A few days ago @DrYukselUrun shared on X the ORR ( objective response Rate) and CRR (Complete Response Rate and OS (overall survival) for the  Phase 3 CLEAR trial ( combo of Lenvatinib and Pembrolizumab in advanced renal cell carcinoma).  

 In response,  @StrijbosMichiel posted "Most impressive results from the CLEAR trial: the percentage of patients that have to endure grade 3-4 toxicities....82.3% in the 2021 NEJM publication. Yes you live longer....but at a very very hefty price. "  

Deb Maskens (@DebMaskens) a kidney cancer patient advocate posted: "Please do not post Efficacy numbers without posting what is equally important to patients: Quality of Life! Not just how long we live, but HOW we live. TY" (my emphasis)

What followed was an interesting discussion about QOL when testing new treatments and how they are measured and reported.  What is tolerable for one patient may not be tolerable for another. The fatigue one patient experiences may mean they feel tired for another it may mean they are unable to move out of bed or stand to take a shower.  Trials will report the AE's (Adverse Effects) as recorded by the clinicians and investigators or another person involved in the study. Occasionally patient reported outcomes (PROs) are included as part of the trial.  At oncology meetings there is usually a slide reporting the % of patients enrolled in the trial who experienced AE's from grades 1-4, but the focus when presenting the data is usually on the ORR, PFS or OS.  

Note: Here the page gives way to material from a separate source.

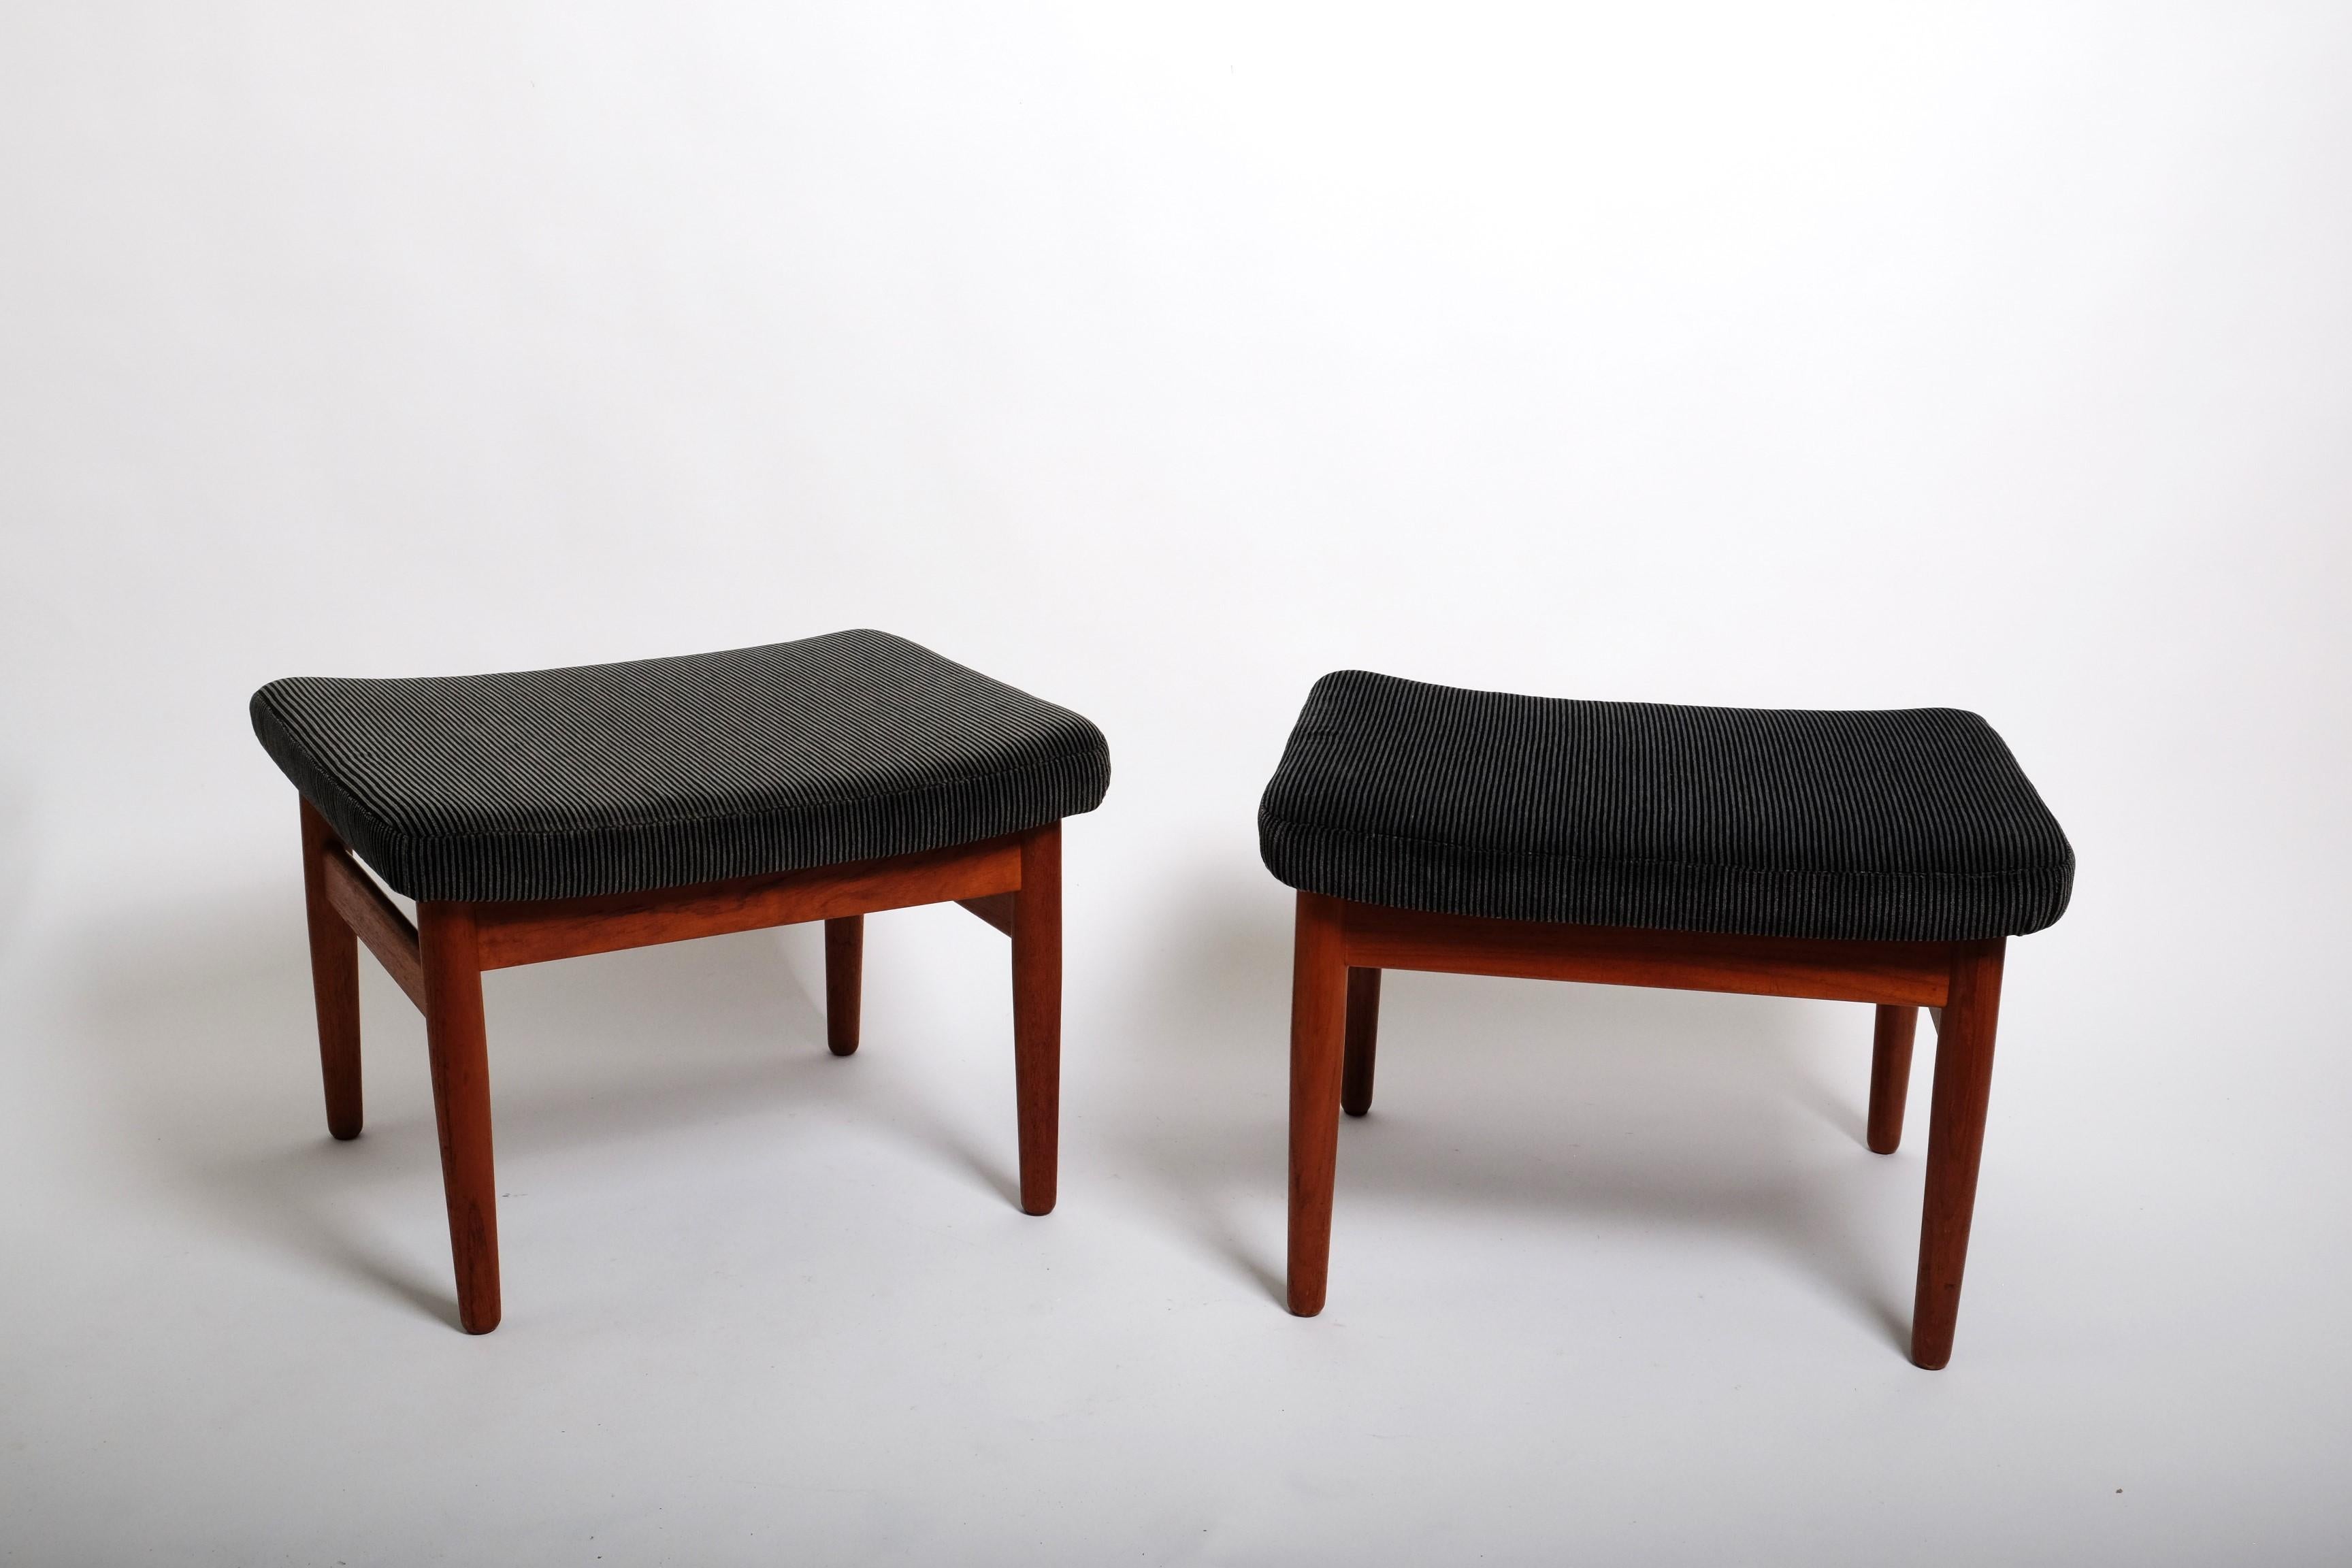 Zwei sehr schöne Hocker, entworfen von Arne Vodder für France & Son, Dänemark 1962. Ursprünglich wurden sie als Ottomane für den verstellbaren Sessel FD164 entworfen. Sie können aber auch als eigenständige Hocker verwendet werden. 

Diese Hocker

It is important that patient reported outcomes become a standard part of the clinical trial process in oncology. The FDA issues a Draft Guidance on Core Patient-Reported Outcomes (PRO) in Cancer Clinical Trials in June 2021.  The guidance includes various tools that can be used to measure patient reported outcomes in the areas of disease related symptoms, systemic adverse events, overall side effect measures , physical function and role functions. It also shows the frequency at which those measures shoe be recorded. The FDA considers PRO's( Clinical Outcome Assessments)  as part of the COA's of a trial (https://www.fda.gov/science-research/focus-areas-regulatory-science-report/focus-area-patient-reported-outcomes-and-other-clinical-outcome-assessments). 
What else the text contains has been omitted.